Information about the laws of physics is effectively baked into gravitational waves, the ripples in spacetime created when massive objects such as black holes spiral into one another. (Image credit: Shutterstock)

At least 3,700 years ago, Babylonian mathematicians approximated the ratio of a circle's circumference to its diameter. They inscribed their answer, the first discovered value of pi, on a humble clay tablet: 25/8, or 3.125. Now Carl-Johan Haster, a theoretical astrophysicist at the Massachusetts Institute of Technology, has managed to do almost as well: in a study uploaded to the preprint server, he measured pi to be about 3.115.

In the intervening years, researchers have calculated the true value of the ratio to a modest 50 trillion decimal places with the aid of powerful computers (you probably know how it starts: 3.141592653 … and on into infinity). Haster's approximation of it may be a couple of millennia behind in terms of accuracy, but that fact is of little relevance to his real goal: testing Einstein's general theory of relativity, which links gravity with the dynamics of space and time.

Information about the laws of physics is effectively baked into gravitational waves, the ripples in spacetime created when massive objects such as black holes spiral into one another. Haster, a member of the Laser Interferometer Gravitational-Wave Observatory (LIGO) Scientific Collaboration, noticed pi appeared in several terms of an equation describing the waves' propagation.

"What Carl did was say, 'Look, all of these coefficients depend on pi. So let's change pi, and let's check whether the measurements are consistent [with general relativity],'" says Emanuele Berti, a theoretical physicist at Johns Hopkins University, who was not involved in the new study and is not part of the LIGO collaboration.

Haster realized that he could treat pi as a variable instead of a constant. Then he could check the equation for gravitational waves against LIGO's experimental measurements of them. Einstein's theory should have matched the measurements if and only if Haster used values of pi close to that already determined by other methods. If general relativity matched LIGO's measurements when pi was not close to its true figure, that would be a sign that the theory was only half-baked. By trying values of pi from –20 to 20, Haster checked more than 20 observed candidate gravitational-wave events and found that the figure that matched theory to experiment was about 3.115. So Einstein's recipe does not seem to need any tweaking just yet. "In my head, at least, [the study] has a nice mix of being both kind of cute and amusing and also actually producing a valid and fairly strong test of general relativity," Haster says.

Pi seems to pop up all the time—not just explicitly in circles but in the hydrogen atom and the way needles fall across lines. The reason a factor of pi appears in an equation for gravitational waves is a little headier, however: the waves interact with themselves.

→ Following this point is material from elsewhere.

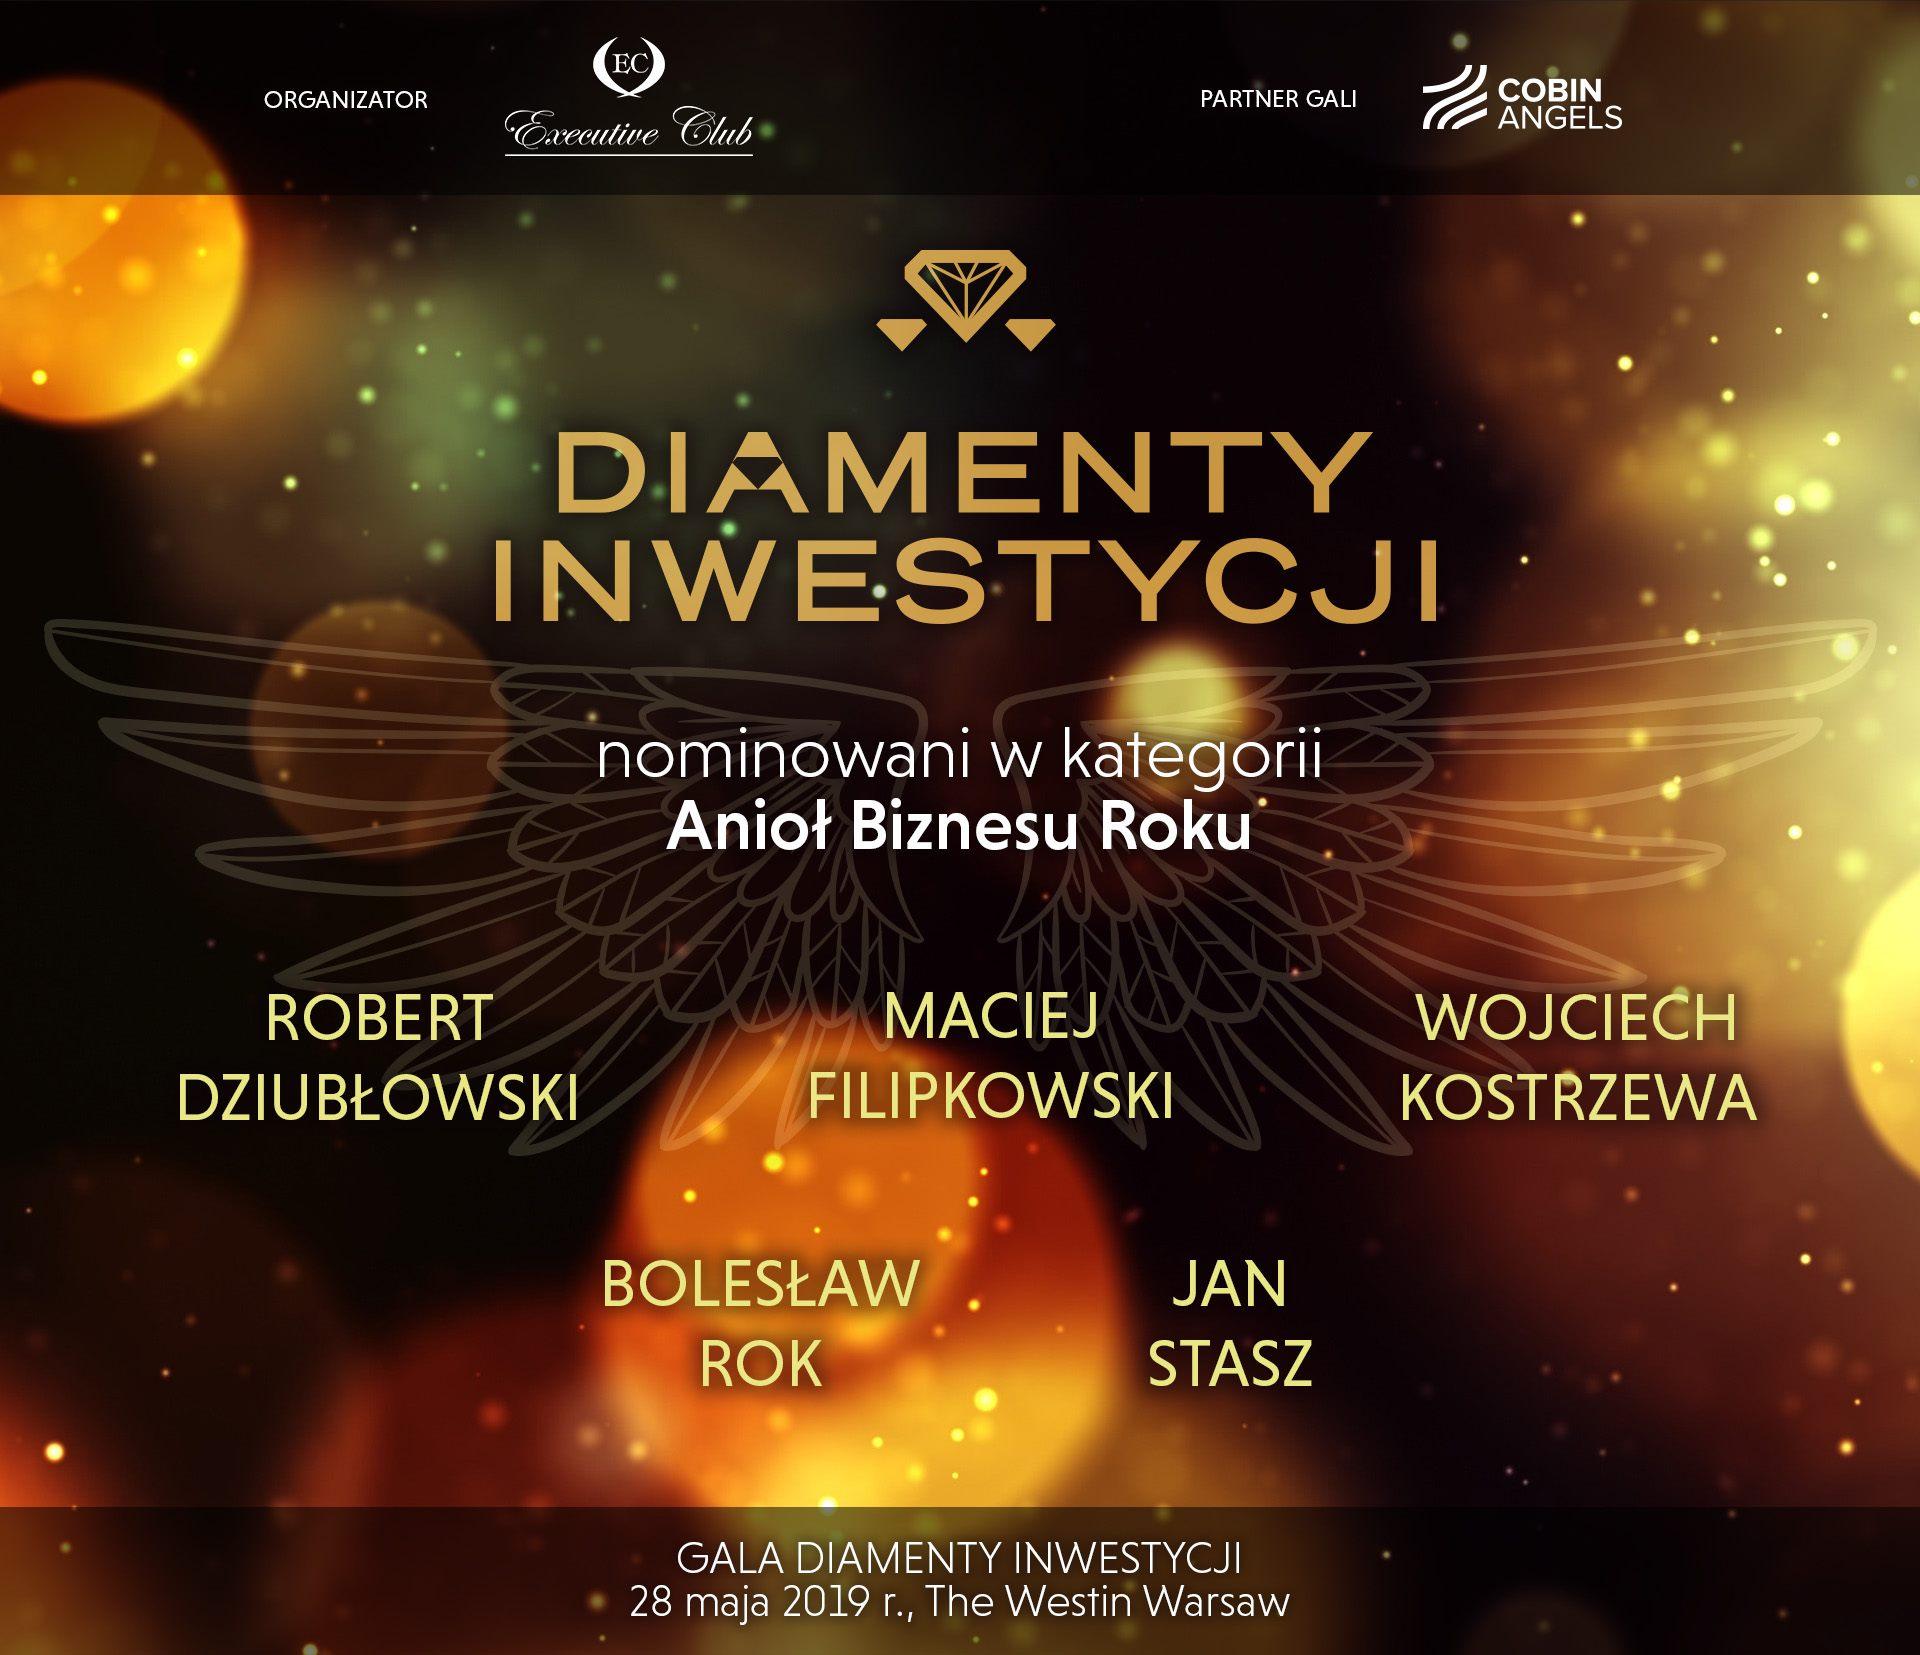 Gala Diamenty Inwestycji

"When a gravitational wave is traveling out, it sees the curvature of spacetime, including the energy that was generated by the gravitational waves produced in the past," Berti says. The first stone you drop into a calm pond sends out smooth ripples across the surface. If you drop another stone immediately after, the surface is no longer smooth—leftover ripples from the previous stone will interfere with new ripples from the second one. Gravitational waves work similarly, but the medium is spacetime itself, not water.

The equation describing this self-interacting effect contains factors of pi as a piece of several numerical terms. A previous examination of Einstein's theory by LIGO in 2016 varied individual terms instead of slicing out a common factor across several terms such as pi. Although this approach sufficed as a test of general relativity, physicists have wanted to see all the terms changing together, and Haster's method using pi offers a way of doing just that.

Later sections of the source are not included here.